Lahti Anna-Maria, Mikkola Tuija, Tirkkonen Anna, Eriksson Johan G, von Bonsdorff Mikaela
Gerontology Research Center, Faculty of Sport and Health Sciences, University of Jyväskylä, Jyväskylä, PO box 35, 40014, Finland.
Folkhälsan Research Center, Topeliuksenkatu 20, Helsinki, 00250, Finland.
Aging Clin Exp Res. 2025 May 28;37(1):173. doi: 10.1007/s40520-025-03077-6.
Although links between social factors, psychological characteristics and functioning have been established, interactions between social vulnerability and psychological characteristics impacting later-life functioning remain unclear. We investigated whether social vulnerability is associated with physical and emotional functioning and with the change in functioning over 5 years. Further, we studied whether optimism and self-efficacy moderate these associations.

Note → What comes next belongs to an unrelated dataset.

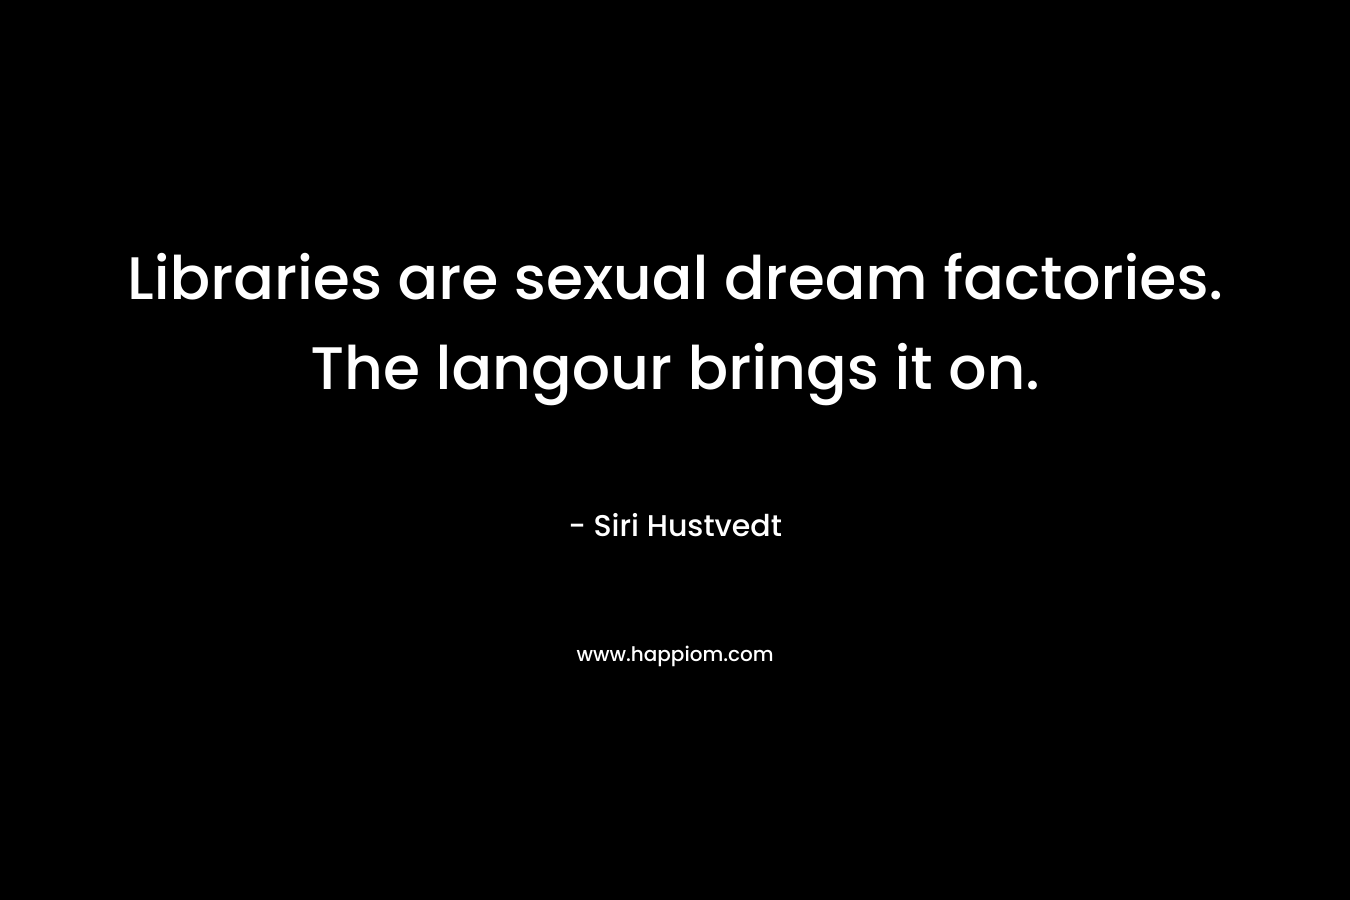 Libraries are sexual dream factories. The langour brings it on.

Physical and emotional functioning were measured in 2015 and 2020 using the SF-36 Health Survey in participants from the Helsinki Birth Cohort Study data (n = 1153, mean age 74y). Social vulnerability comprised several self-reported and register-based social indicators. We used linear mixed models to analyse the associations between social vulnerability and physical and emotional functioning, the change in functioning, and the moderating effects of optimism and self-efficacy.
Social vulnerability was inversely associated with the level of physical (β =-2.71, p < 0.001) and emotional functioning (β =-2.55, p < 0.001), as well as with the changes in physical functioning over the 5-year follow-up (β =-1.09, p = 0.003), but not with the decline in emotional functioning. Optimism and self-efficacy served as moderators by buffering the negative association of social vulnerability on emotional functioning, but not physical functioning. Optimism or self-efficacy did not moderate the change in physical or emotional functioning.

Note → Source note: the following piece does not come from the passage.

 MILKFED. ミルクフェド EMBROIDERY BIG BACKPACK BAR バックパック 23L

By impacting social vulnerability we may be able to promote functioning in older age. Social and psychological characteristics need to be acknowledged when planning effective health interventions and services for older adults.
尽管社会因素、心理特征与功能之间的联系已经确立,但社会脆弱性与影响晚年功能的心理特征之间的相互作用仍不明确。我们调查了社会脆弱性是否与身体和情感功能以及5年内功能的变化有关。此外,我们研究了乐观主义和自我效能感是否会调节这些关联。

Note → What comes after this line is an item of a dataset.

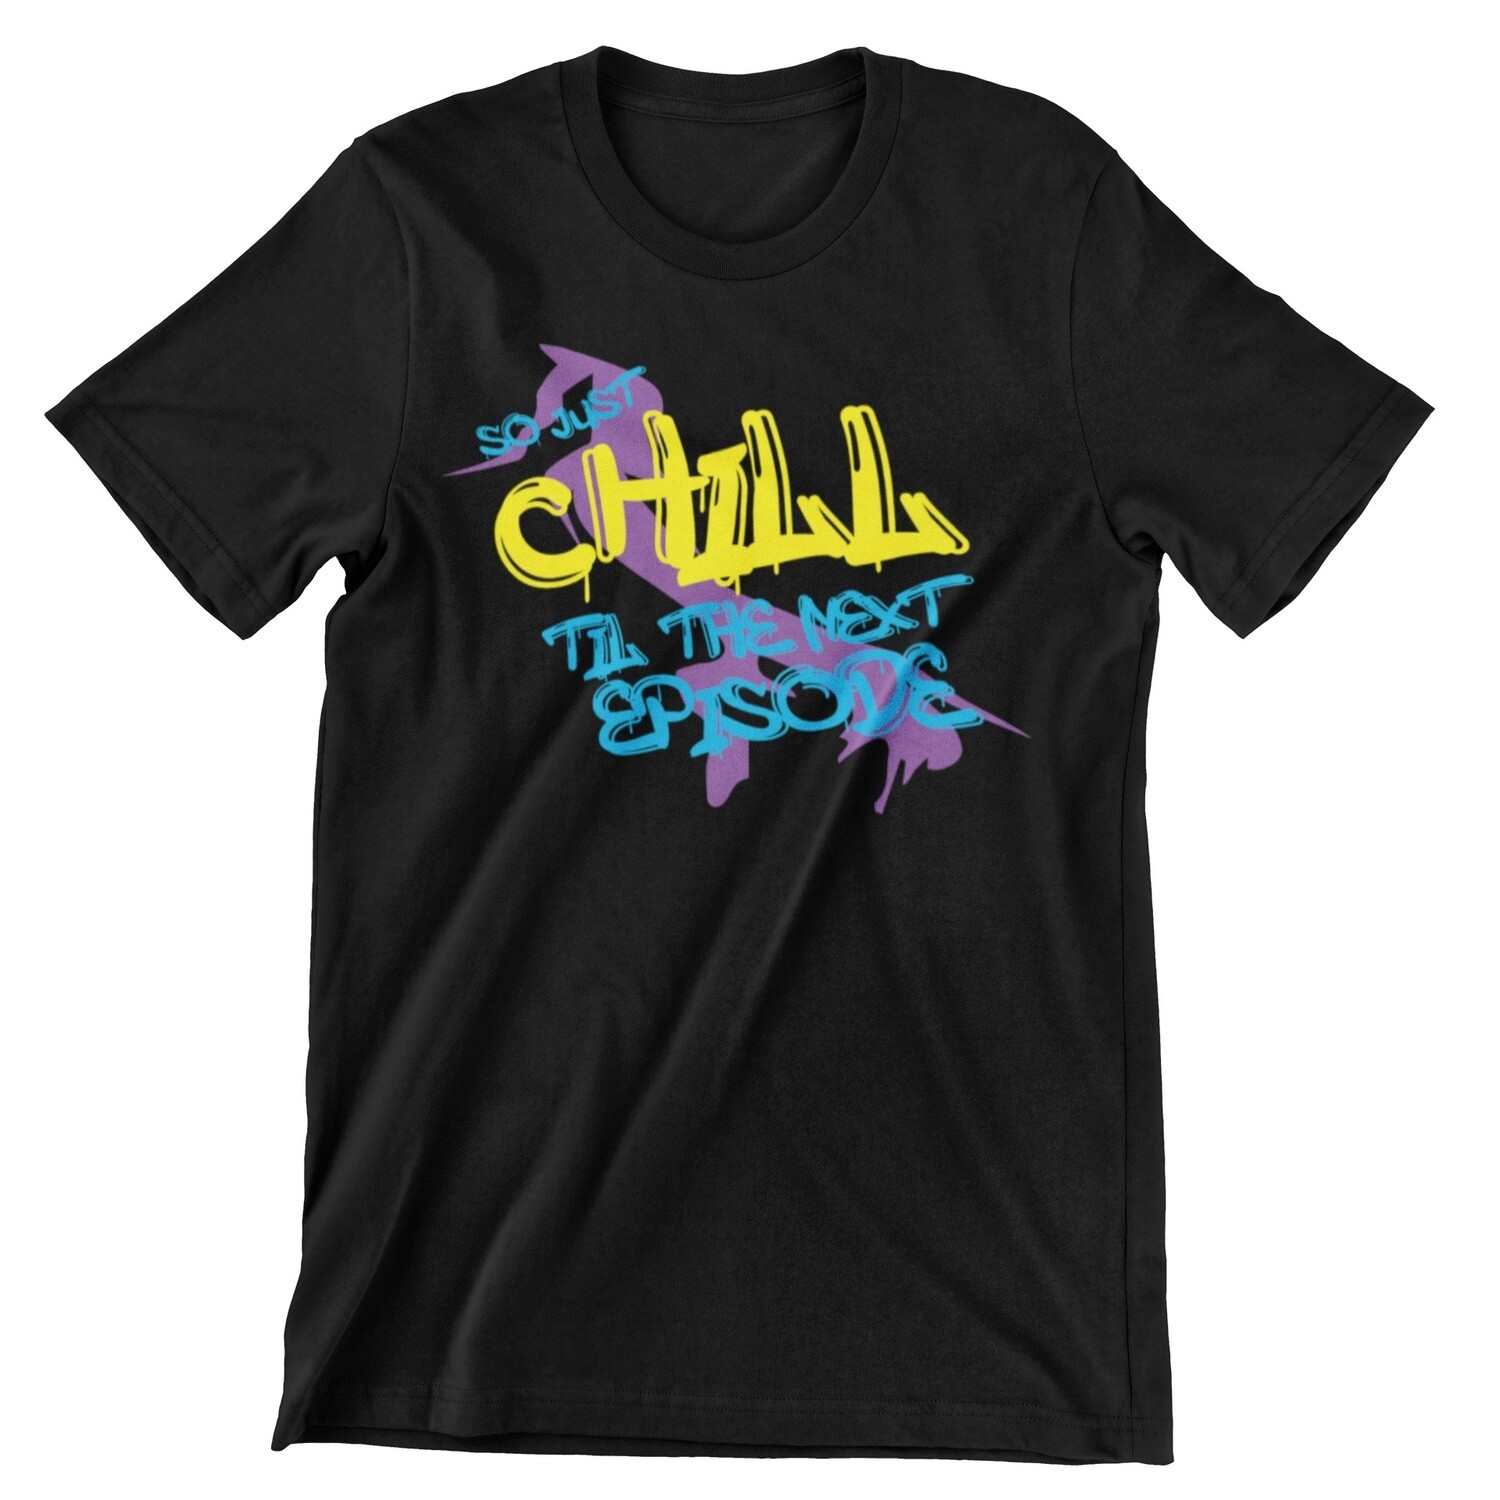 Just Chill T-Shirt, Color: Black

使用SF-36健康调查对赫尔辛基出生队列研究数据中的参与者(n = 1153,平均年龄74岁)在2015年和2020年的身体和情感功能进行测量。社会脆弱性包括几个自我报告和基于登记的社会指标。我们使用线性混合模型来分析社会脆弱性与身体和情感功能、功能变化以及乐观主义和自我效能感的调节作用之间的关联。
社会脆弱性与身体功能水平(β = -2.71,p < 0.001)和情感功能水平(β = -2.55,p < 0.001)呈负相关,并且与5年随访期间身体功能的变化(β = -1.09,p = 0.003)呈负相关,但与情感功能的下降无关。乐观主义和自我效能感通过缓冲社会脆弱性对情感功能的负面关联起到调节作用,但对身体功能不起作用。乐观主义或自我效能感并未调节身体或情感功能的变化。
通过影响社会脆弱性,我们或许能够促进老年人的功能。在为老年人规划有效的健康干预措施和服务时,需要考虑社会和心理特征。